What the task asks: Nothing but the text should be carried over: reproduce all the data exactly and leave out every image.
#### Stored data ####
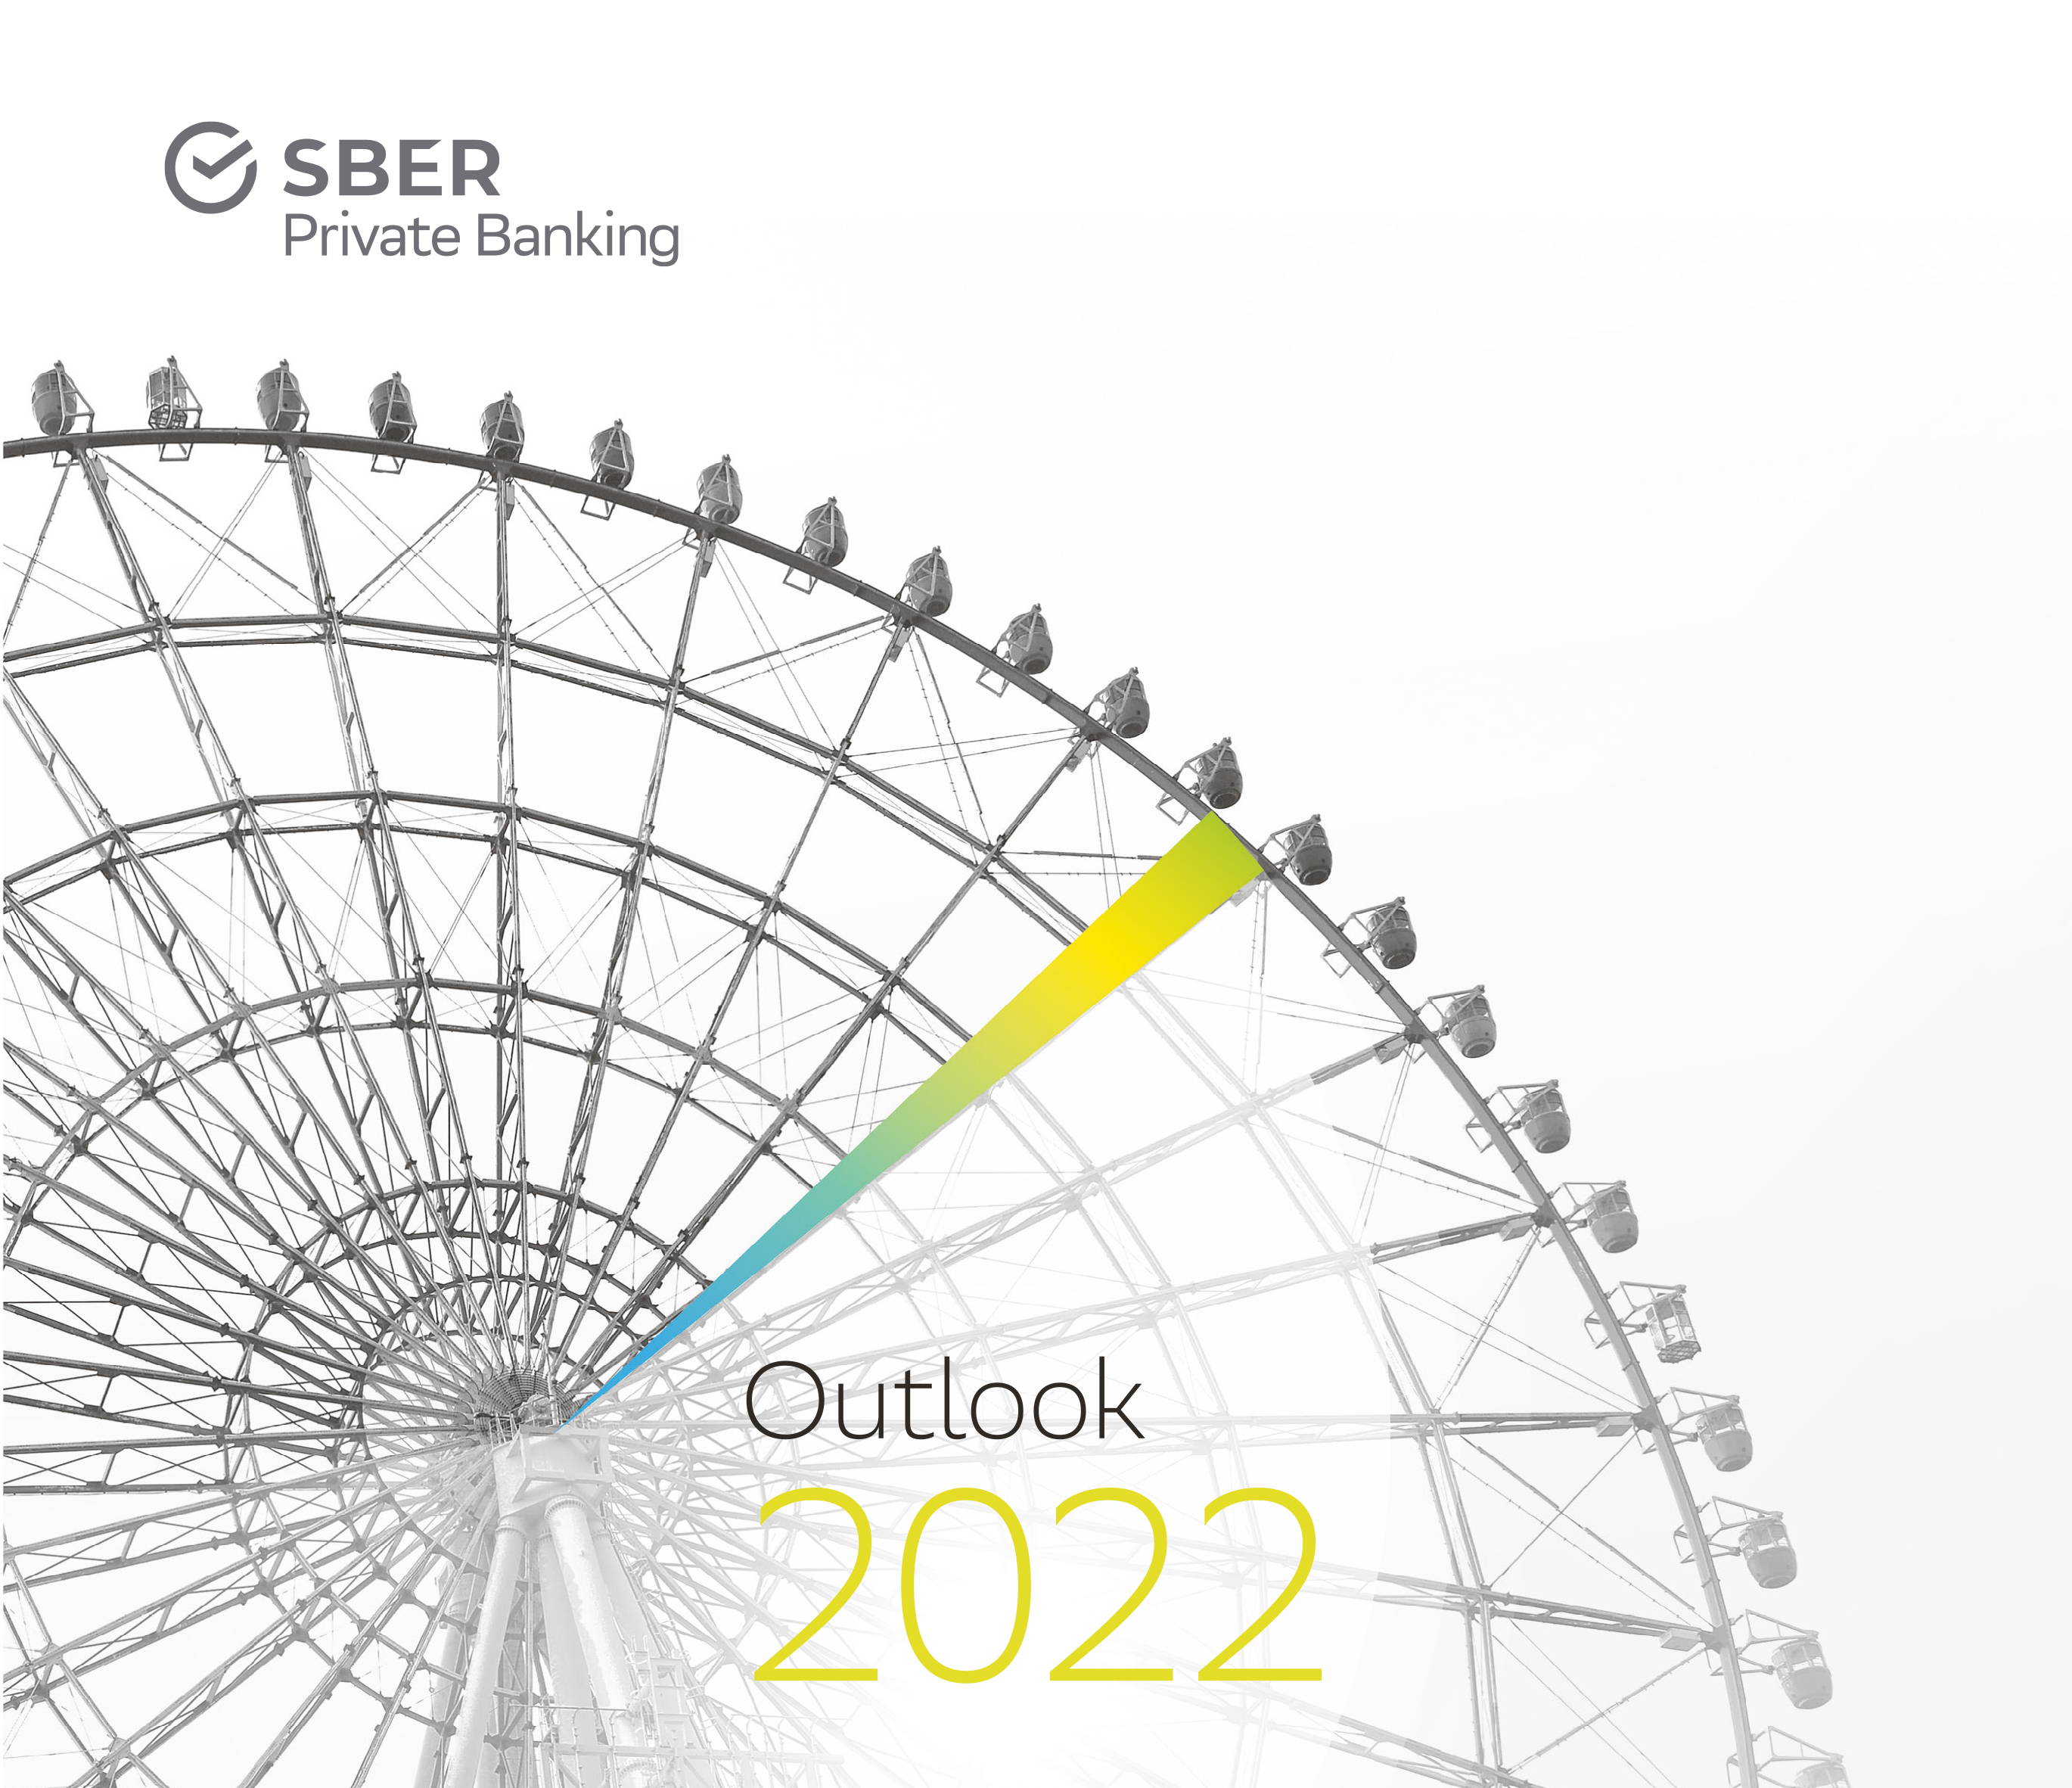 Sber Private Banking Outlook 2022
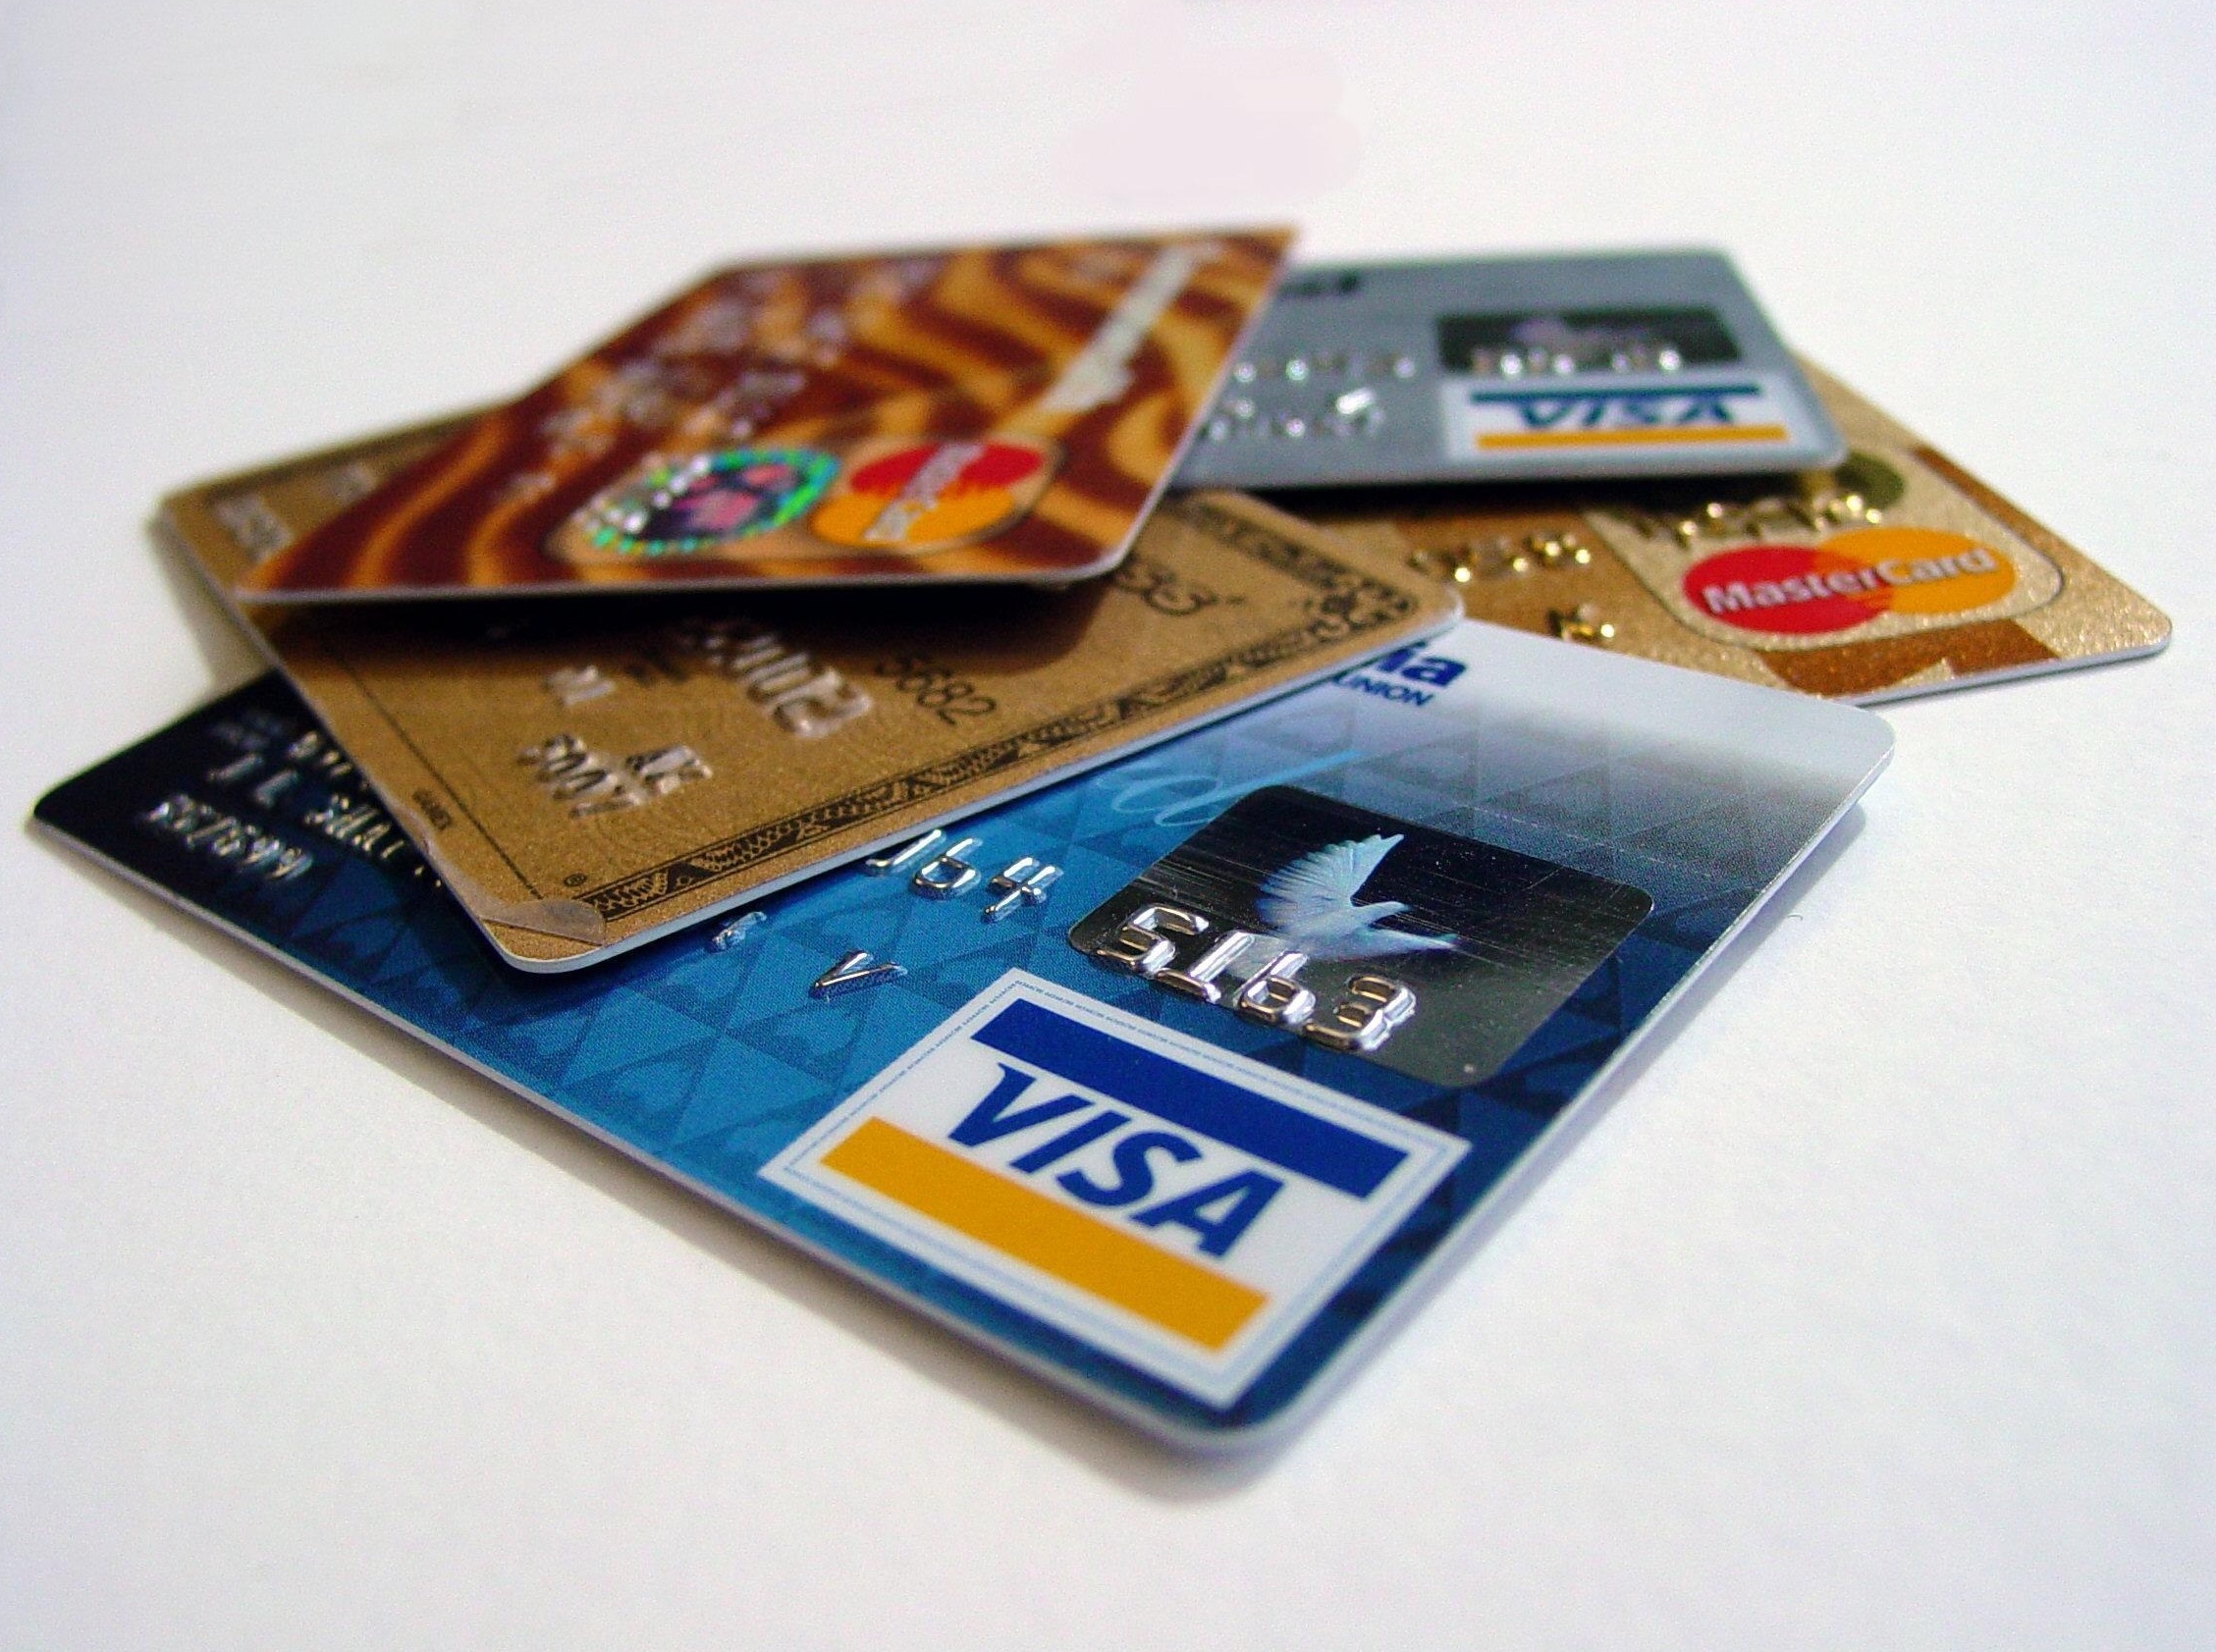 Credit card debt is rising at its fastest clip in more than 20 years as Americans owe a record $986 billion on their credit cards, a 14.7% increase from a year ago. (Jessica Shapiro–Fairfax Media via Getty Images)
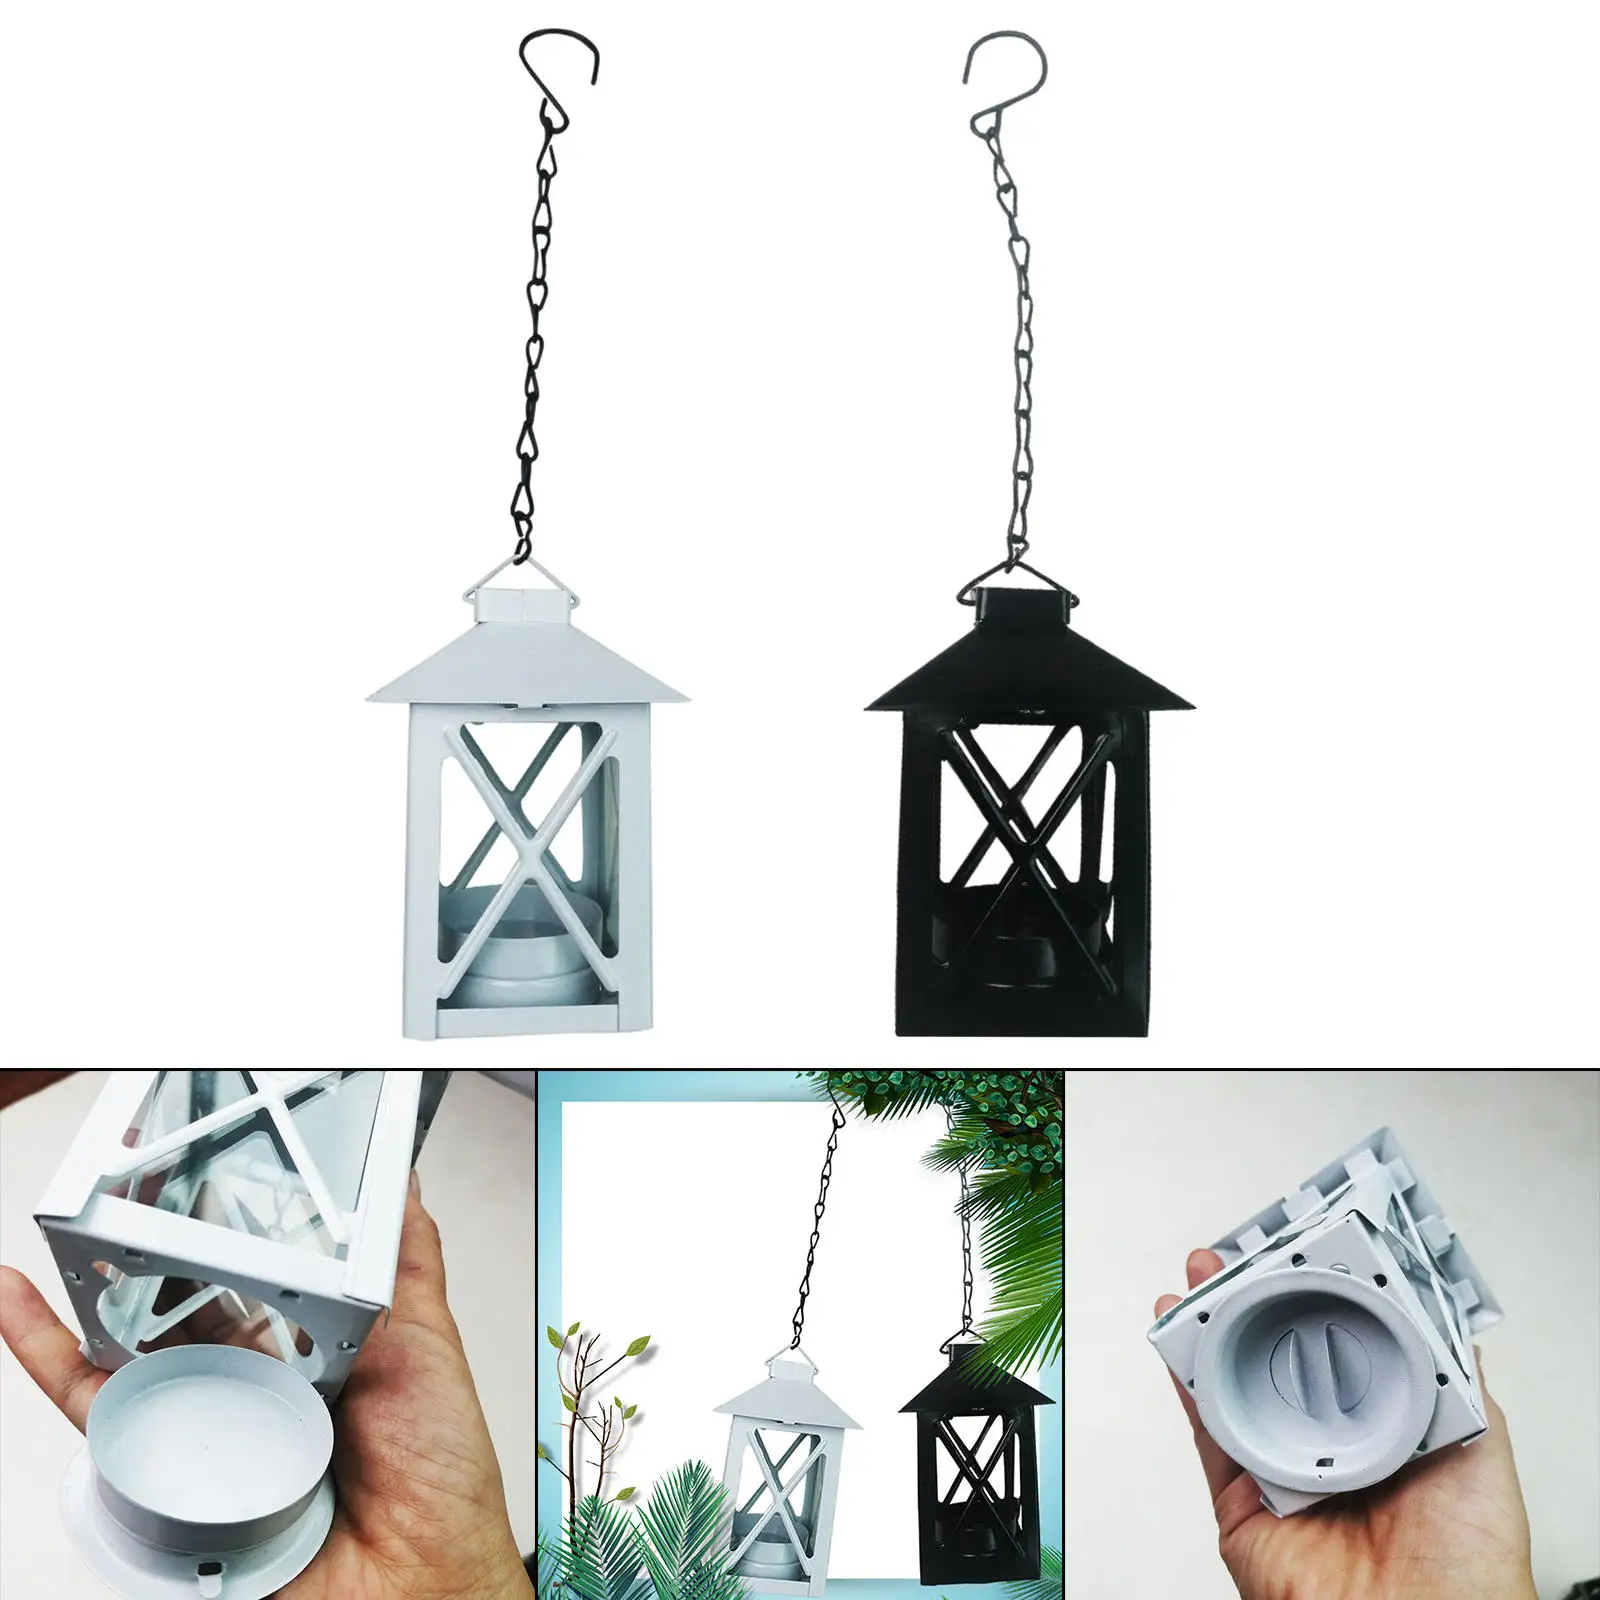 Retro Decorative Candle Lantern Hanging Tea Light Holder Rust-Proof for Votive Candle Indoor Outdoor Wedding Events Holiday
####
Response to this exercise:
 Sber Private Banking Outlook 2022
 Credit card debt is rising at its fastest clip in more than 20 years as Americans owe a record $986 billion on their credit cards, a 14.7% increase from a year ago. (Jessica Shapiro–Fairfax Media via Getty Images)
 Retro Decorative Candle Lantern Hanging Tea Light Holder Rust-Proof for Votive Candle Indoor Outdoor Wedding Events Holiday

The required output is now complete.